結論 登録第4359607号の登録を無効とする。 審判費用は被請求人の負担とする。
理由 1 本件商標
本件登録第4359607号商標(以下「本件商標」という。)は、平成10年11月19日に登録出願、「マーシャル」の片仮名文字と「MARSHALL」の欧文字を上下二段に横書きしてなり、第31類「獣類,ペットフード」を指定商品として、平成12年2月4日に設定登録されたものである。

2 請求人らの主張
請求人らは、結論同旨の審決を求め、その理由及び答弁に対する弁駁を要旨次のように述べ、証拠方法として、甲第1号証ないし甲第85号証(枝番を含む。なお、甲第16号証、甲第20号証ないし甲第25号証、甲第27号証、甲第58号証の2、甲第60号証の2、甲第63号証及び甲第72号証は欠番)を提出した。
(1)商標法第4条第1項第10号について
(ア)請求人のマーシャル・ペット・プロダクツ・インコーポレーテッド(以下「マーシャル・ペット・プロダクツ」という。)は、米国において1939(昭和14)年から、フェレットの飼育を始め、フェレットの繁殖・改良を行っている親会社のマーシャル・ファームからフェレットを仕入れてフェレット及びフェレット関連商品の販売を行っている米国の会社である(甲第3号証)。マーシャル・ペット・プロダクツは1993(平成5)年に米国で設立され、現在、世界でも唯一のフェレット専門社となっている(甲第3号証、甲第7号証、甲第49号証ないし甲第51号証等)。

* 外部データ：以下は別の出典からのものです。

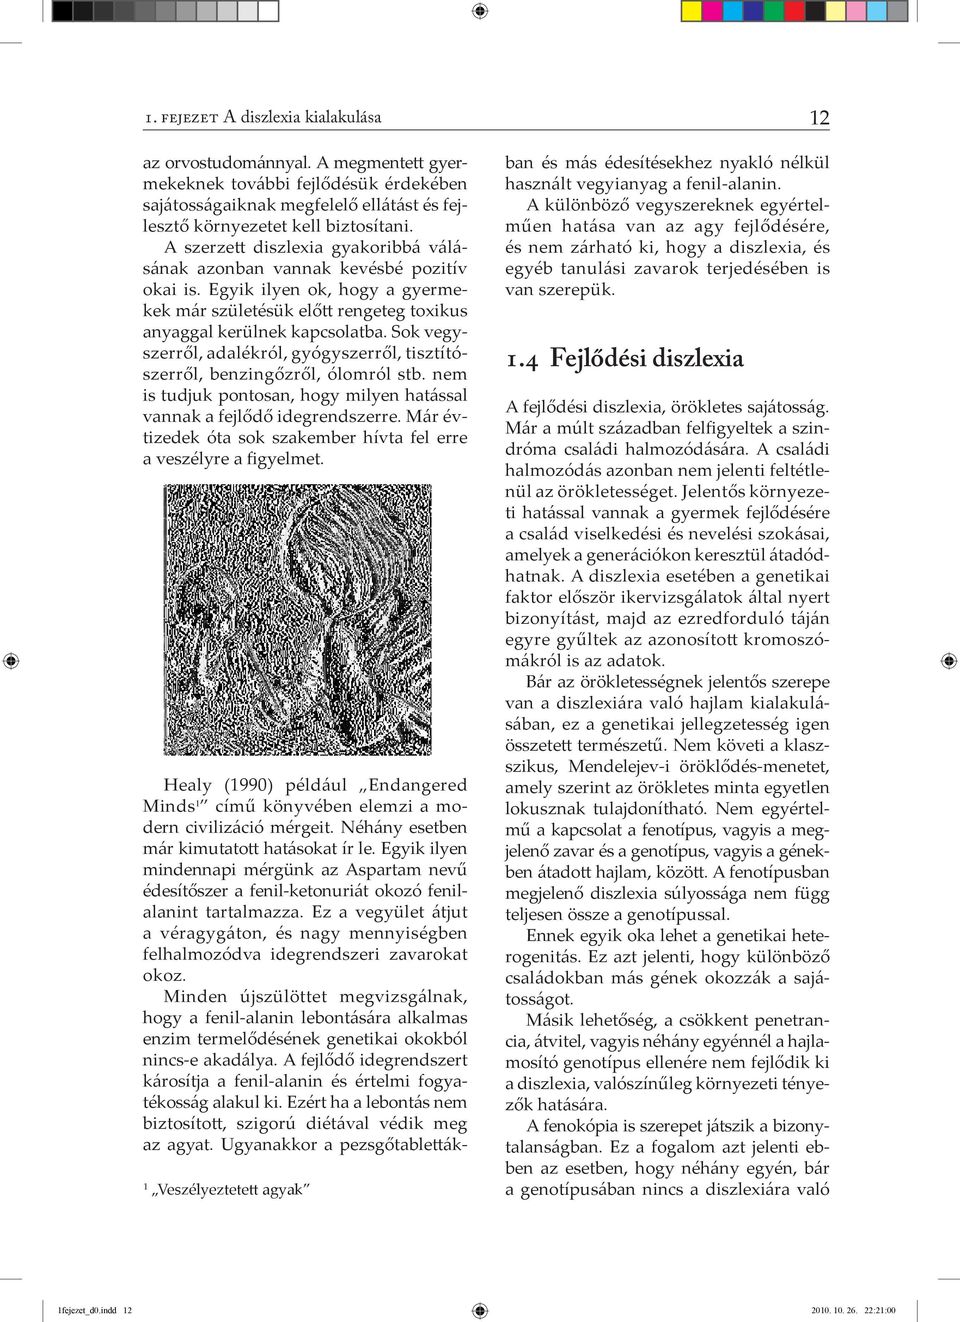 A diszlexia kialakulása - PDF Ingyenes letöltés

(イ)フェレットは、イタチ科に属している動物である。マーシャル・ペット・プロダクツは、このフェレットを愛玩動物用に改良し、フェレットの普及に努めた。現在、フェレットは、欧米では犬、猫に次ぐ第三のコンパニオン・アニマルとして人気があり、米国では700万匹以上のフェレットがペット用として飼われている。

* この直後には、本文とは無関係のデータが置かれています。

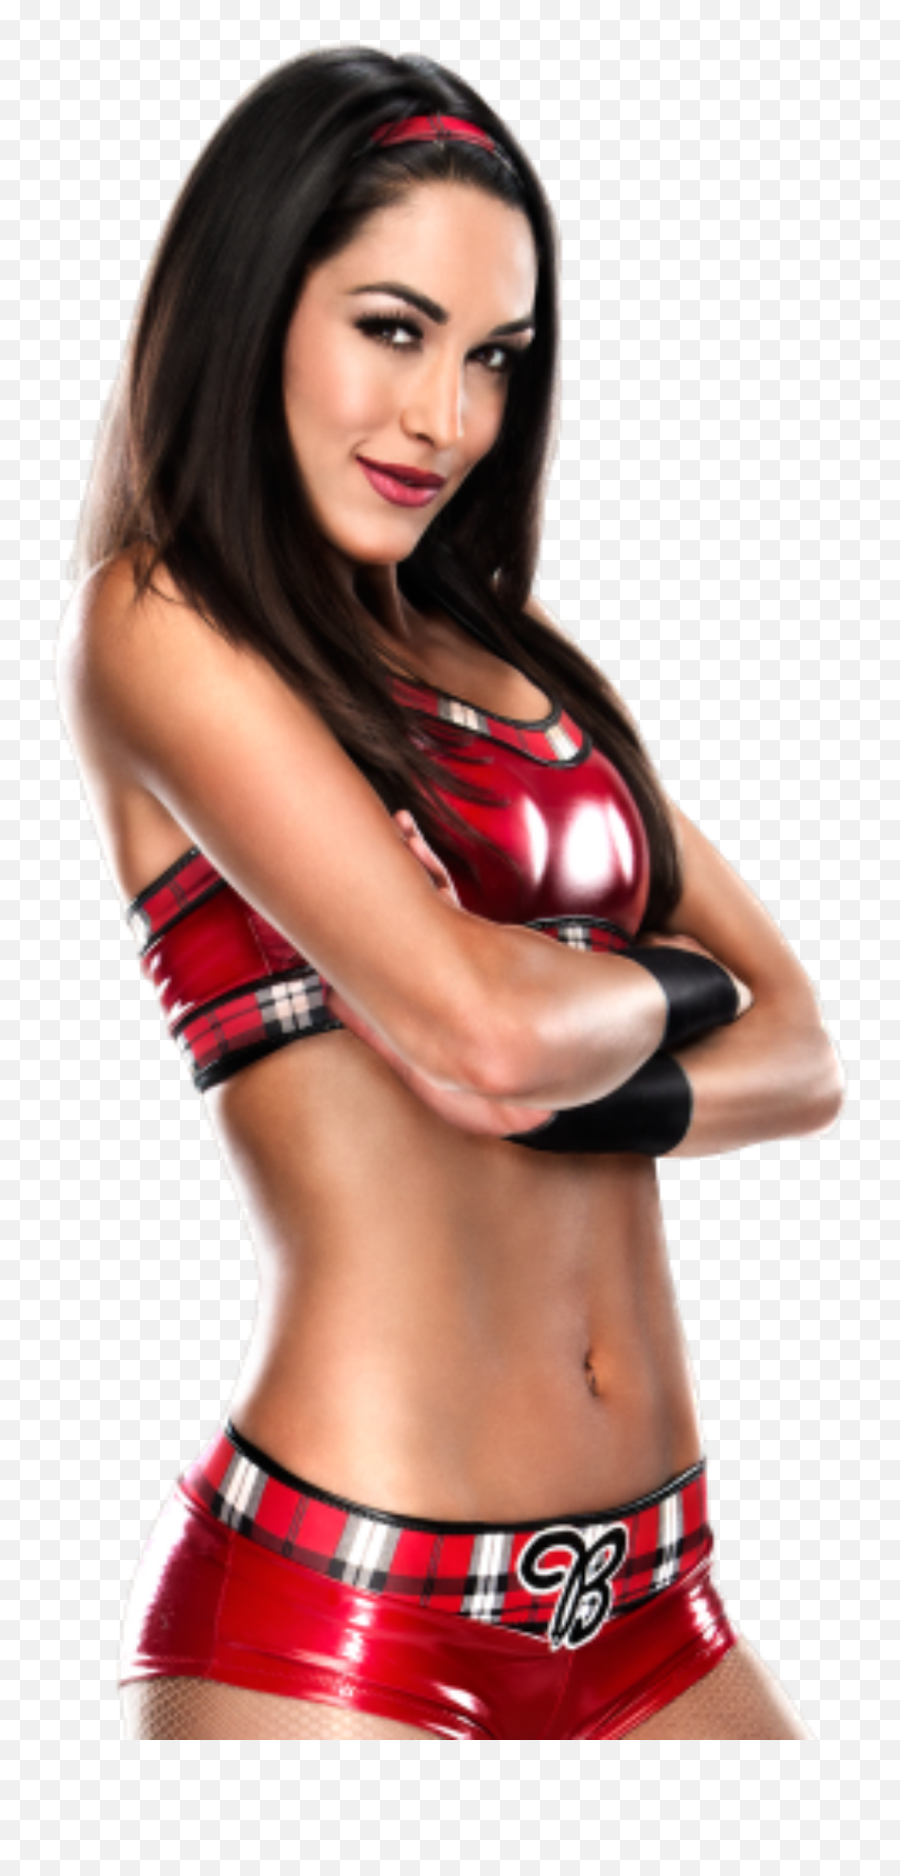 Download Report Abuse - Wwe Diva Brie Bella Png,Nikki Bella Png

(ウ)一方、請求人の有限会社ビジネス ベンチャーズ ジャパン(以下「ビジネス ベンチャーズ ジャパン」という。)は、平成7年に設立された会社である(甲第44号証)。ビジネス ベンチャーズ ジャパンは、その設立前の1993(平成5)年にマーシャル・ペット・プロダクツとフェレット及びフェレット関連商品の輸入を正式に開始し、それ以来、同商品を直接日本に仕入れることのできる唯一のディストリビューターである(甲第73号証、甲第74号証等)。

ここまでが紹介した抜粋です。